A prefeita de Pedra Preta, Iraci Ferreira de Souza, apresentou uma representação disciplinar contra o vereador Carlos Fernando Pereira de Oliveira, o “Fernando do Galvileiro”, sob acusação de violência política de gênero e quebra de decoro parlamentar.

A denúncia foi encaminhada à Procuradoria Especial da Mulher da Câmara Municipal e, posteriormente, remetida à Presidência do Legislativo para análise e adoção das providências cabíveis. No documento de encaminhamento, a própria Procuradoria ressalta que não possui natureza investigativa ou poder para aplicar sanções, cabendo aos órgãos competentes da Câmara analisar o caso.

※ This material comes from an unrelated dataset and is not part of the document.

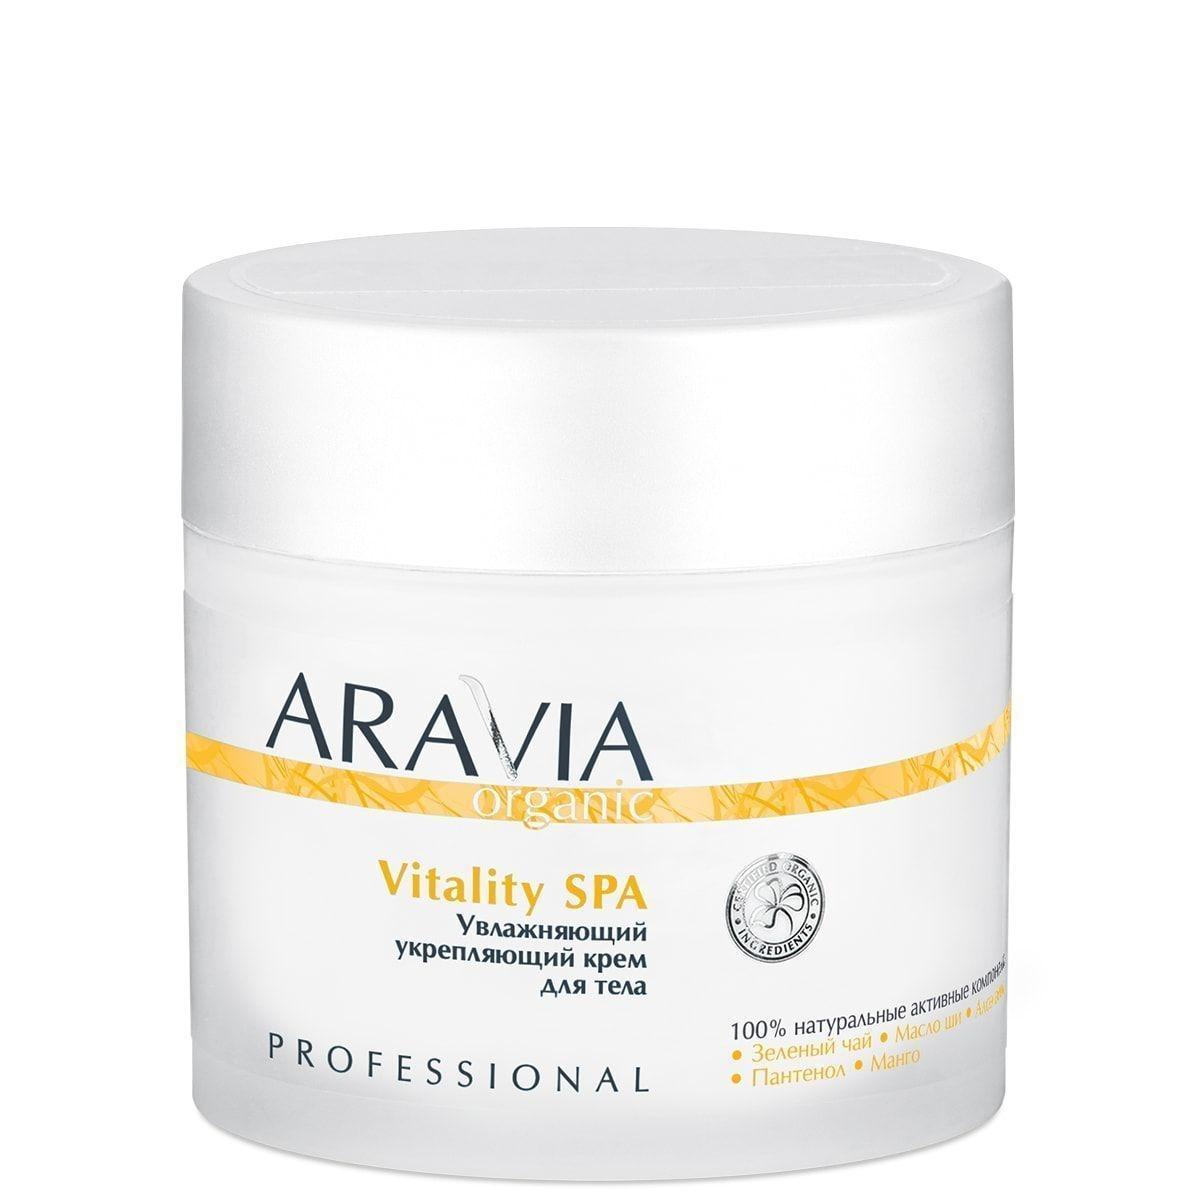 ARAVIA Organic Крем для Тела Увлажняющий Укрепляющий Vitality SPA, 300 мл

Segundo a representação, os episódios teriam ocorrido durante fiscalizações e manifestações públicas realizadas pelo vereador nos meses de junho, julho e agosto de 2026. A prefeita sustenta que as críticas ultrapassaram o debate administrativo e passaram a conter ataques pessoais e expressões consideradas ofensivas.

Entre os episódios citados está uma fiscalização realizada no Distrito Industrial, em junho, quando o parlamentar fez críticas à administração municipal. Outro fato apontado ocorreu às margens da Rodovia 459, em julho. A representação também relata um episódio ocorrido em 11 de agosto, na Farmácia Municipal, quando o vereador realizou uma transmissão ao vivo e questionou a falta de medicamentos. A defesa da prefeita afirma que, durante essas manifestações, foram utilizadas expressões como “incompetente”, “omissa” e “mentirosa”.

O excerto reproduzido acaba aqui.